An accumulation of eight years of study is presented in the book "An Artist Vision"; a collection of her earlier pieces.

Traveling on a two-week trip to Alaska, Sue befriended Martine Reid, and on return to BC visited the noted artist Bill Reid. His stories and advice proved invaluable in her understanding of the life lines and greatly influenced her later work. After studying Indigenous art, she began to paint very distinctive Watercolor paintings considered interpretations of Indigenous art.

Controversy
Coleman's style is often referred to as a reflection of Indigenous art work.
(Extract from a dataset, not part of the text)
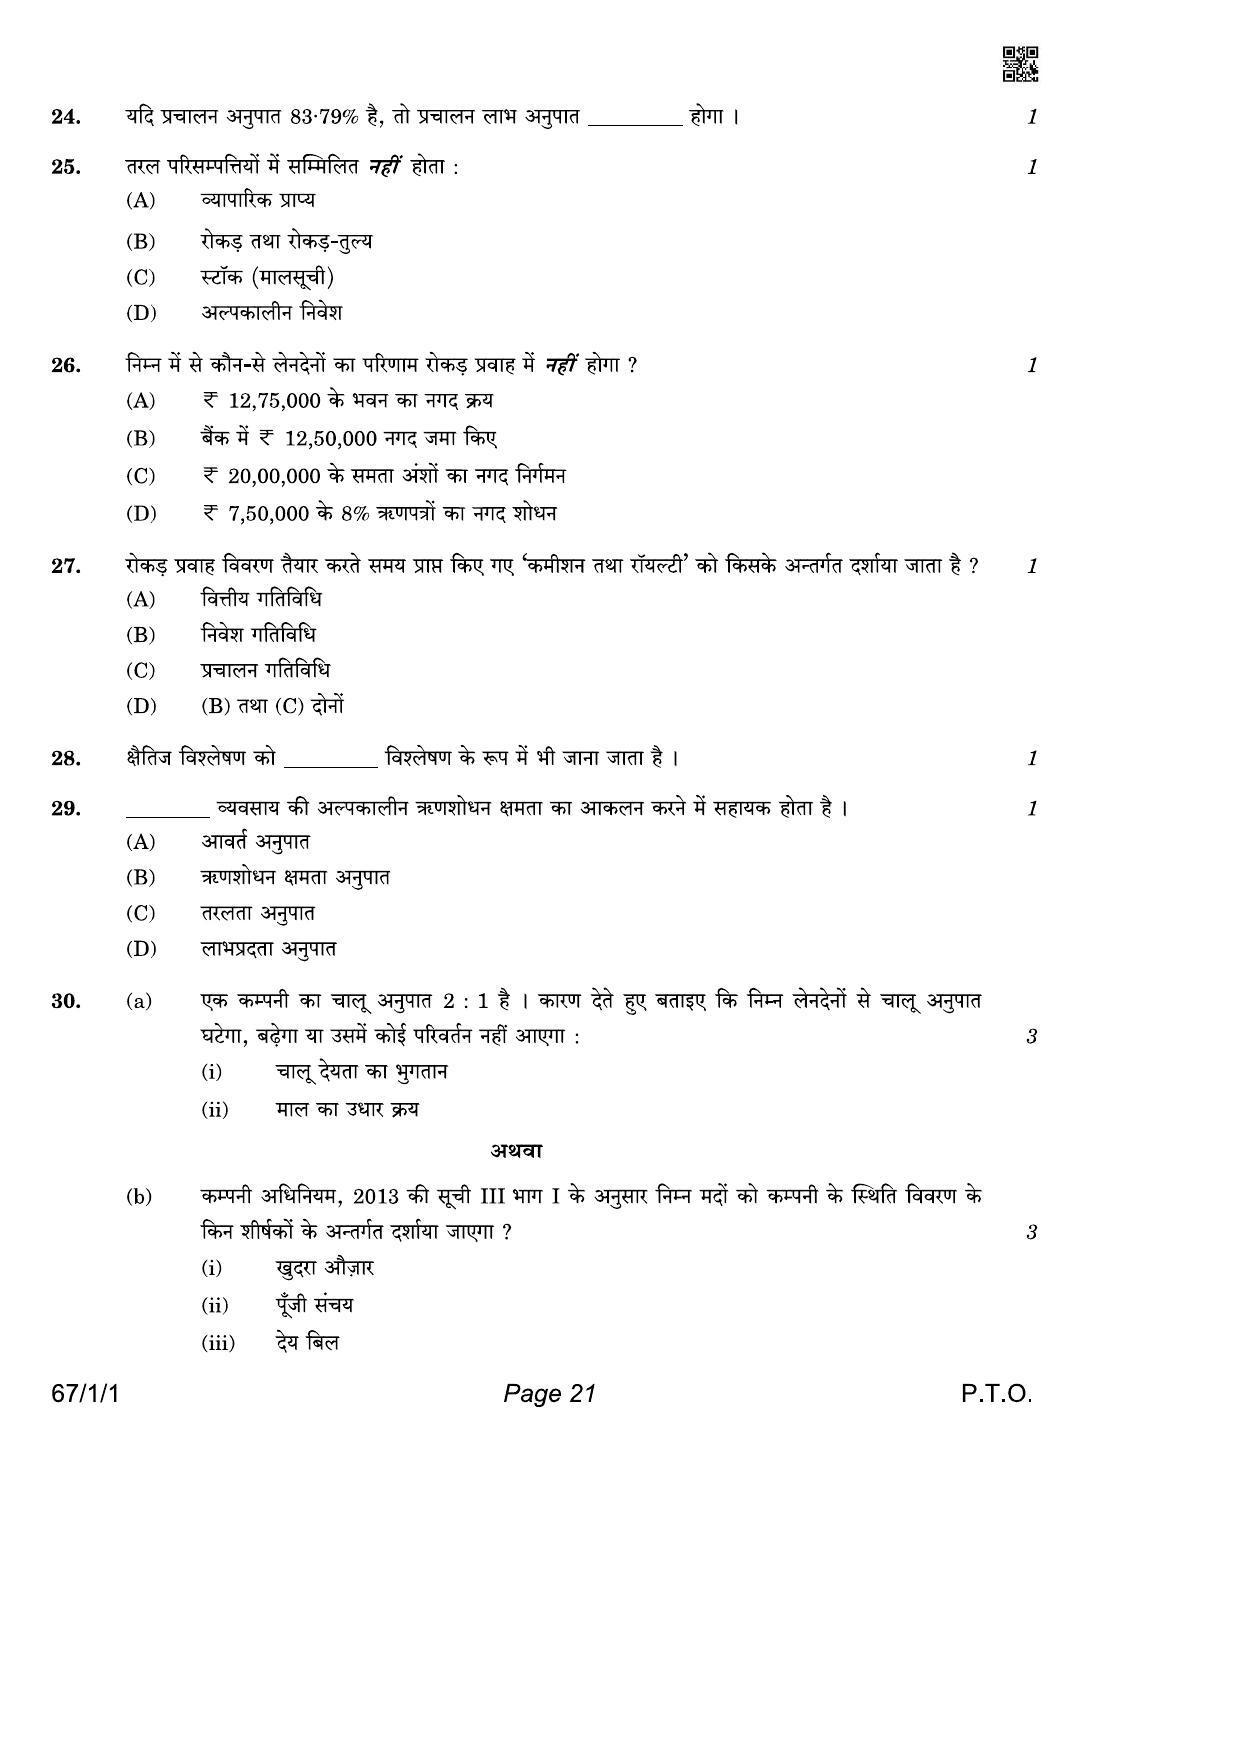 CBSE Class 12 QP_055_Accountancy 2021 Compartment Question Paper - Page 21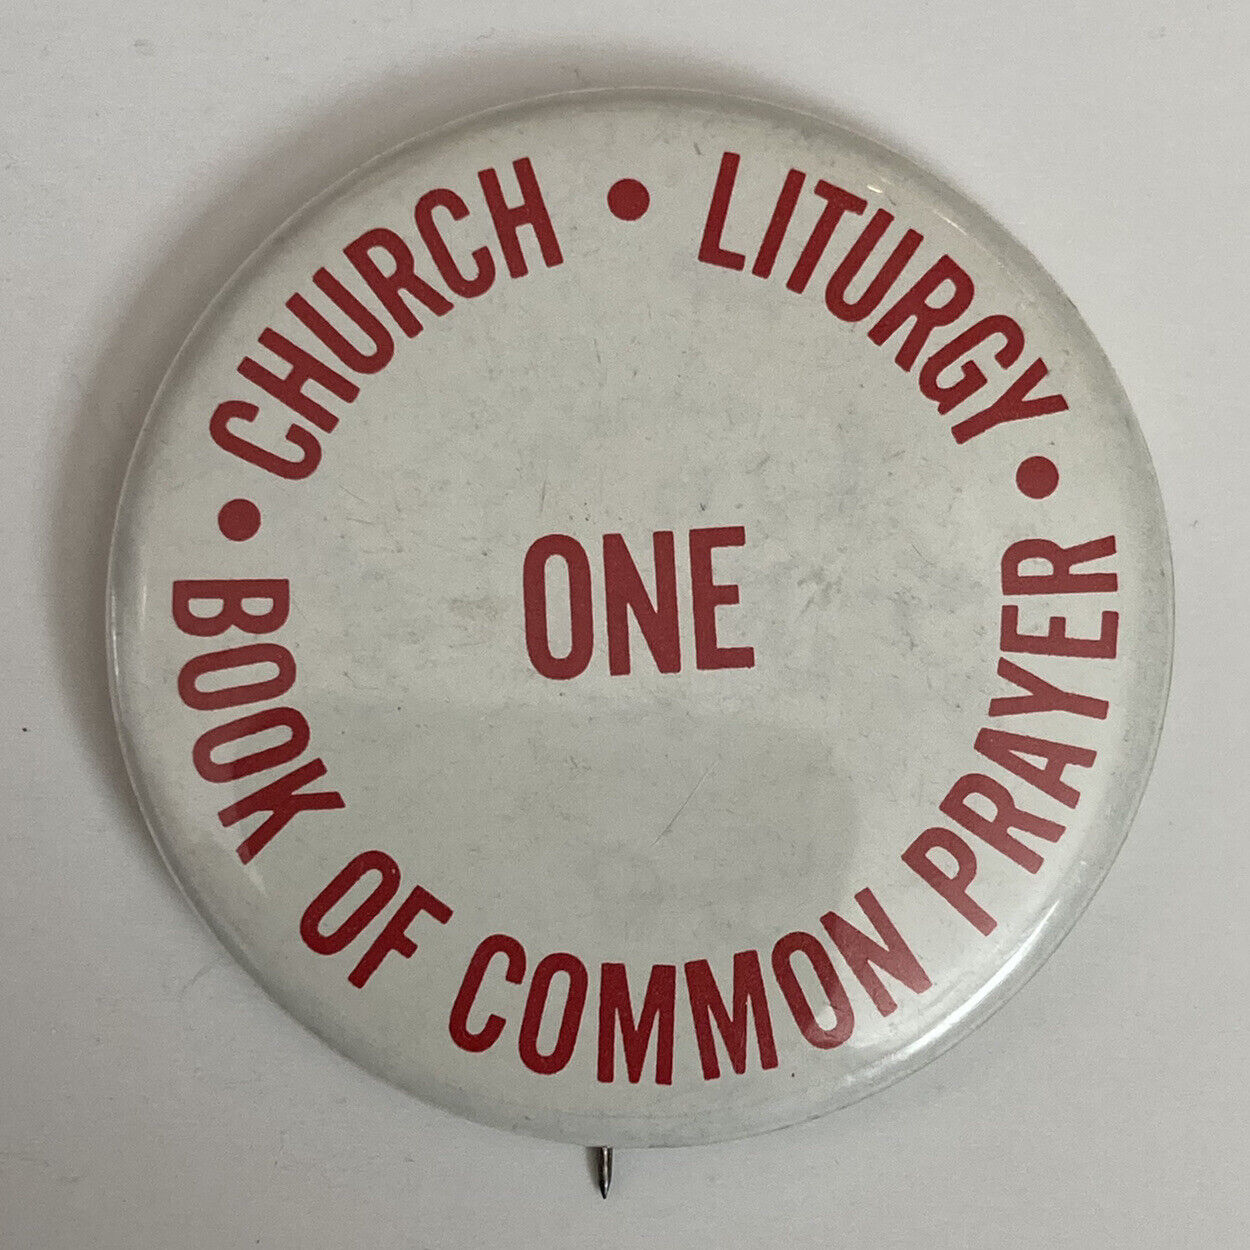 Vintage Round Novelty Pinback Button One Church Liturgy Book of Common Prayer

Some people were confused, and mistakenly believed that her paintings were done by an Indigenous artist. Although Sue considered this a compliment to her skill as an artist, she always claimed to be an English emigrant. Her work has been referred to by some as Cultural appropriations or Knockoffs of Indigenous artwork.

Coleman once described herself as a "translator" of Indigenous art forms which drew criticism. Prominent Indigenous artists George Littlechild, Roy Henry Vickers and Richard Hunt signed an open letter critical of Coleman's appropriation of Indigenous art. Over the years Coleman's art style has changed. During an interview with CBC, Coleman said she is beginning to do art in a completely different style, introducing some of her own Celtic roots.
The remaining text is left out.